◆ Dataset excerpt:

+++++

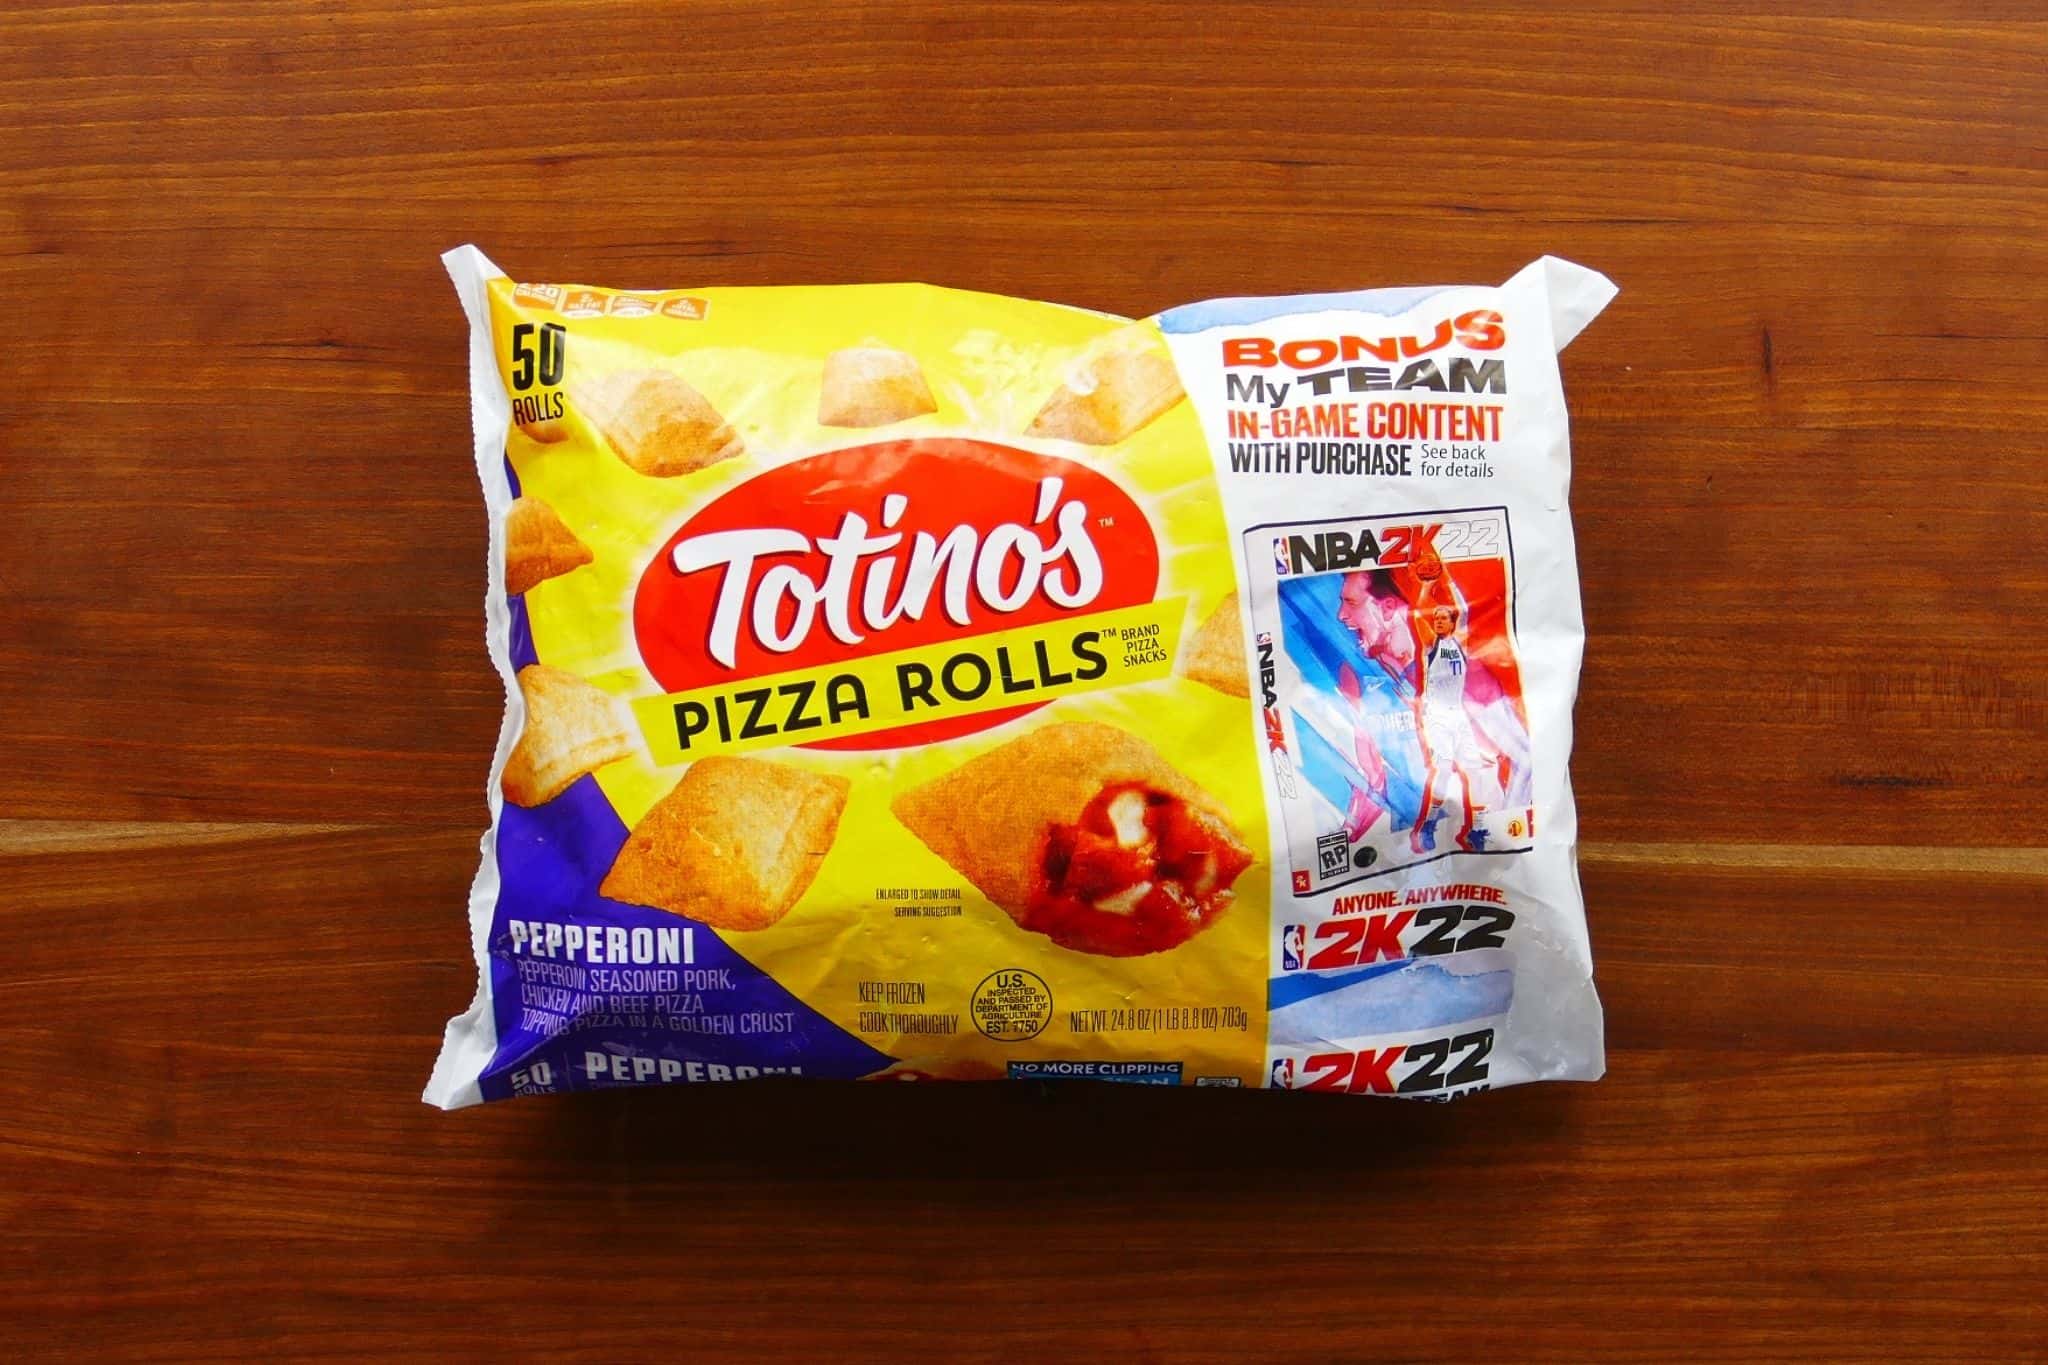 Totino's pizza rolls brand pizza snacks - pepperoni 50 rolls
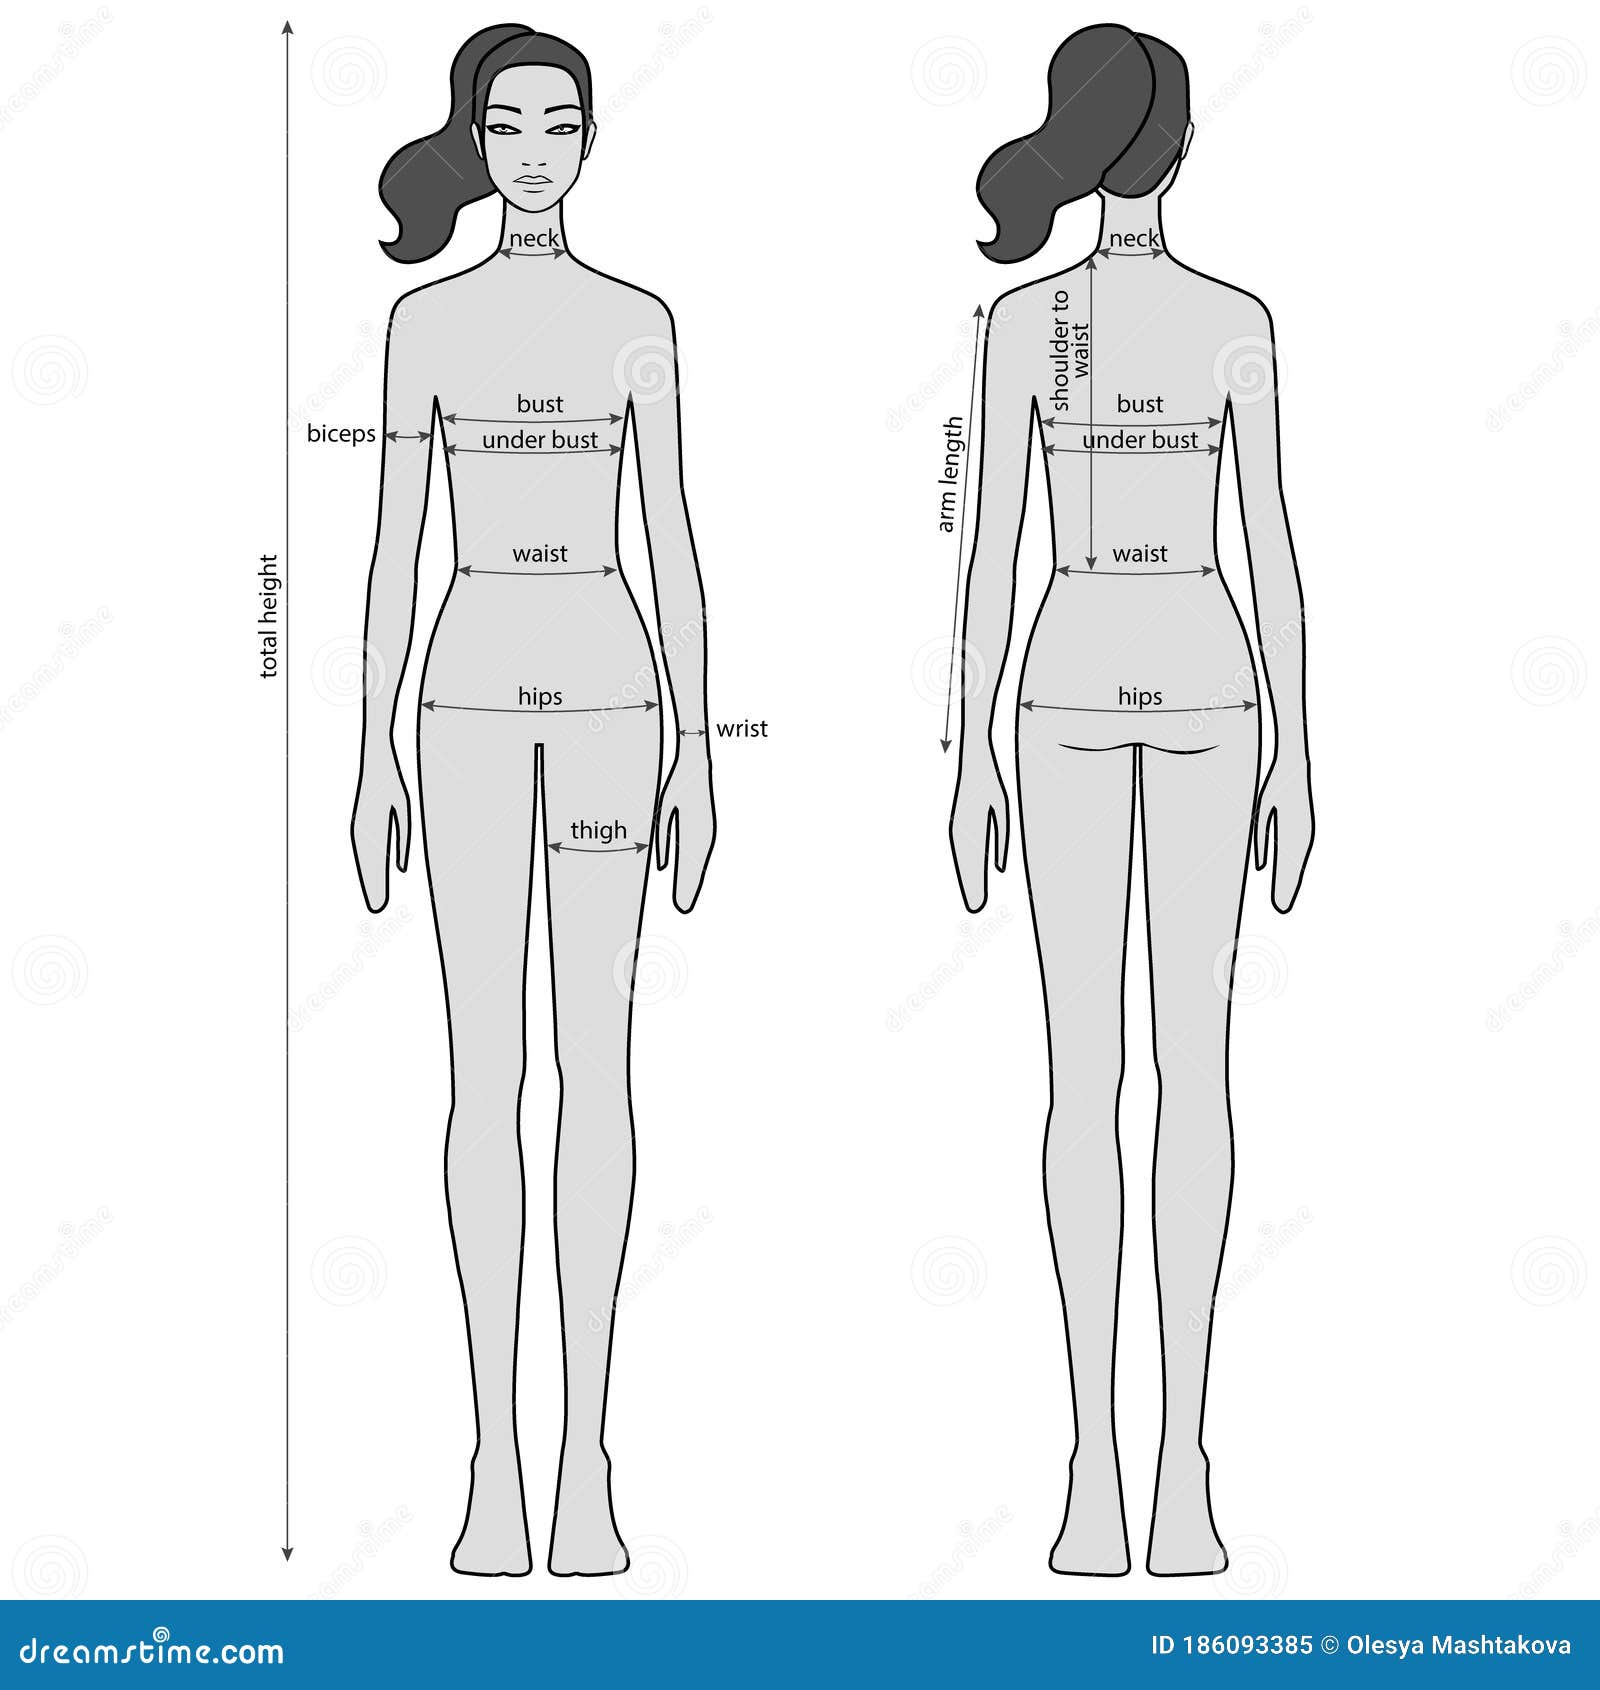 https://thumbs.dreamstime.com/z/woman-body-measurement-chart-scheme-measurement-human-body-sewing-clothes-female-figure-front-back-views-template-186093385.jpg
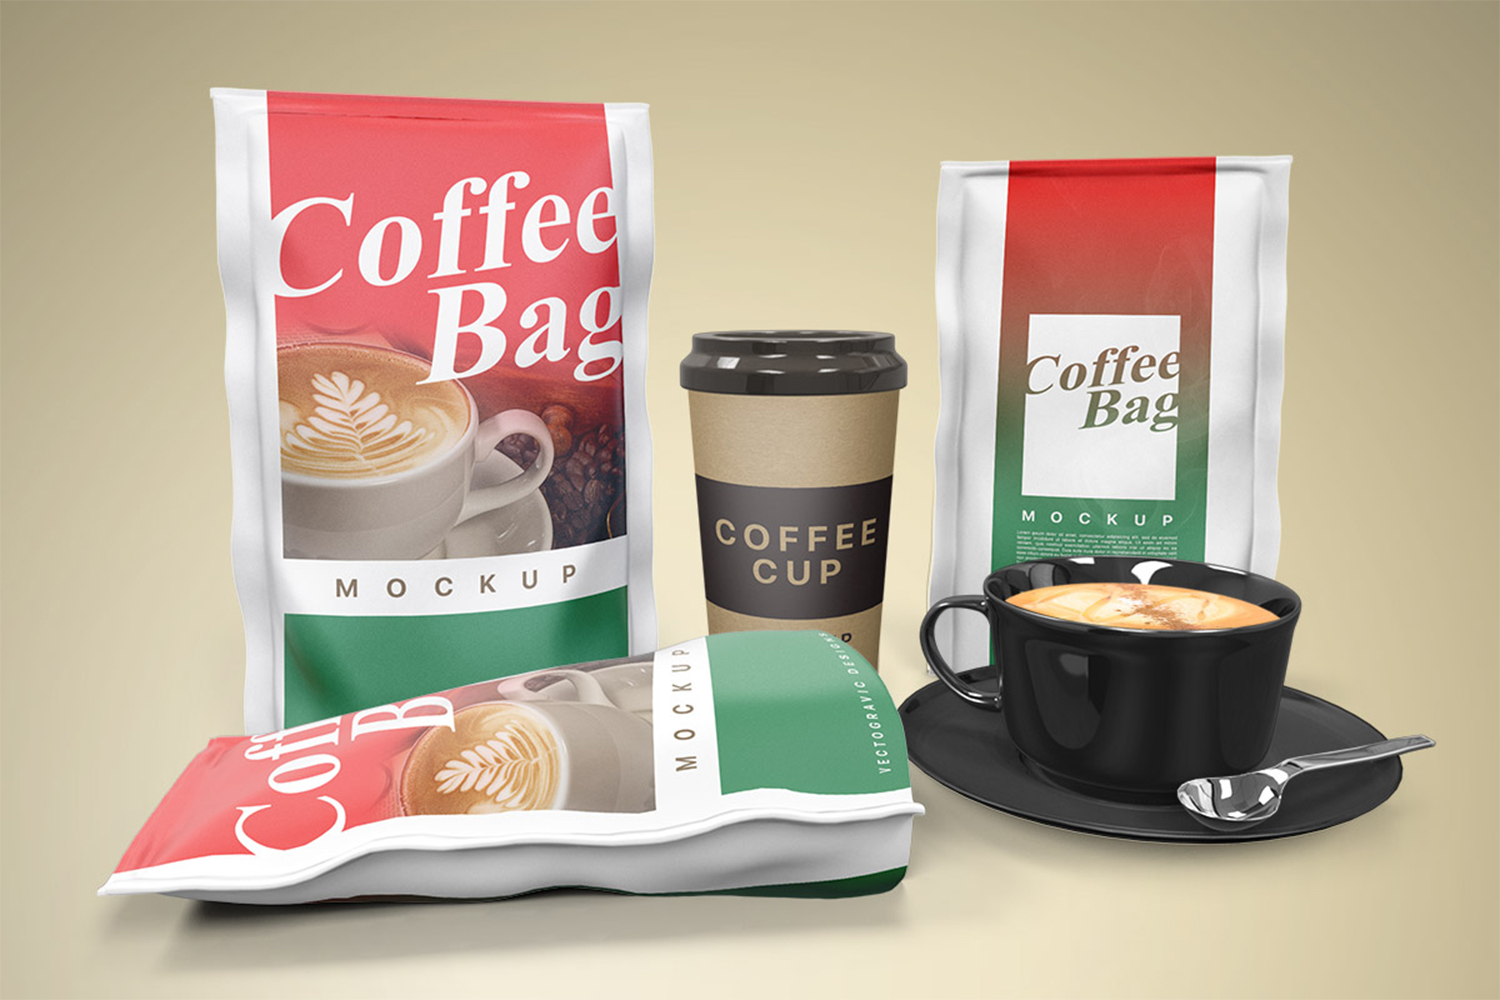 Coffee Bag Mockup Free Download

+++++

Please retype the listing above word for word, skipping each picture.

 Totino's pizza rolls brand pizza snacks - pepperoni 50 rolls
 https://thumbs.dreamstime.com/z/woman-body-measurement-chart-scheme-measurement-human-body-sewing-clothes-female-figure-front-back-views-template-186093385.jpg
 Coffee Bag Mockup Free Download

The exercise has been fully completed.